CoreWeave Inc.’s stock has staged a staggering rally of nearly 200% since the artificial-intelligence cloud company went public in March. That’s been especially good news for corporate insiders and early investors, who got shares at low prices and are sitting on nice paper gains.
Soon they’ll have the option to cash in, thanks to the expiration of the company’s post-IPO lock-up period that’s due to take place after Thursday’s closing bell. In a company’s early months on the public markets, insiders are restricted from unloading stock, but CoreWeave’s IPO materials indicate that the lockup expires after the market close on the second day after the company’s second earnings report as a public company. CoreWeave posted earnings on Tuesday afternoon.
What does that mean for regular investors? There’s the potential for some selling pressure, with CoreWeave disclosing in its IPO prospectus that about 84% of shares were held by directors, executives, selling shareholders and some other holders who were subject to lockup restrictions. But it’s also worth noting that the lockup expiration date won’t be a surprise to Wall Street.
Perhaps that’s why a look at U.S.-listed IPOs from the past five years shows that stocks end essentially flat on average in their first day of trading after the lockup expires.
But over a one-month span, the average move is a 2.4% decline, according to Dow Jones Market Data, whereas the S&P 500 index averages a gain of 1.3%, based on rolling one-month performance over the same span.
For bigger companies, the one-month move is less dramatic, averaging out to a 0.5% decline in the first month following a lockup expiration when focusing just on companies with market capitalizations upwards of $1 billion at the time of the deal. CoreWeave’s market cap at the time of the IPO was almost $14 billion and it now stands near $57 billion.
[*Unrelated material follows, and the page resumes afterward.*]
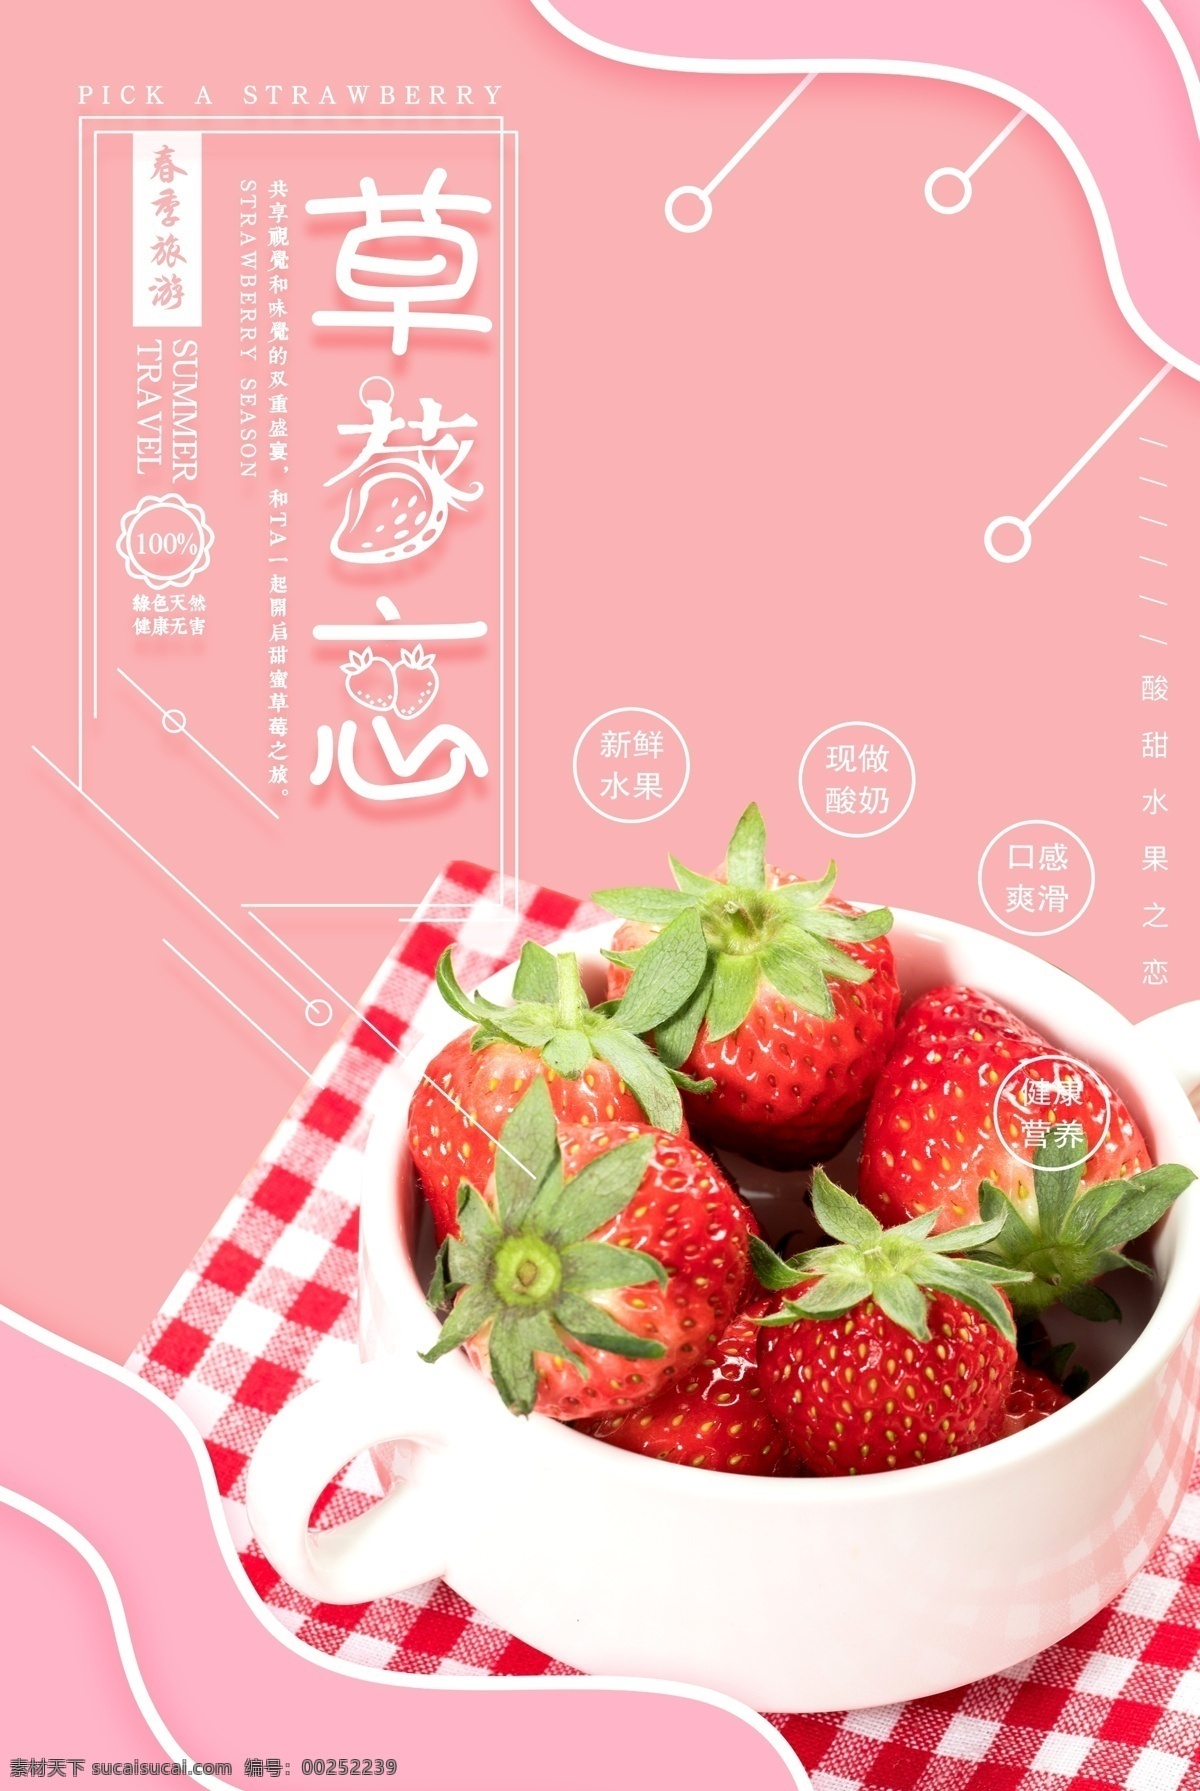 简约 新鲜 草莓 打折 促销 水果 海报 上新 采摘 美食 精美粉色 粉嫩 活动优惠 水果海报 果蔬 新鲜草莓 新鲜水果 新鲜批发 天然 可口 促销食物 打折促销

CoreWeave’s stock has made some dramatic swings since the company went public, volatility that MoffettNathanson’s Nick Del Deo previously attributed in part to the stock’s thin float. Earlier this week, he added that he saw some potential positives to the lockup expiration.
“Over time, this should help to bolster its float and mitigate some of the technical dynamics that have affected the stock’s trading behavior since the IPO,” he wrote. “However, it’s impossible to judge the degree to which insiders may sell, and the company’s ownership is concentrated in their hands.”
He remained cautious on CoreWeave’s stock for other reasons, noting that the company “is growing at incredible rates and investing mind-boggling sums to support that growth” but could face heightened competition going forward in light of the large perceived opportunity in artificial intelligence. Del Deo has a neutral rating and $56 target price on CoreWeave’s stock, with that target about half of where shares trade currently.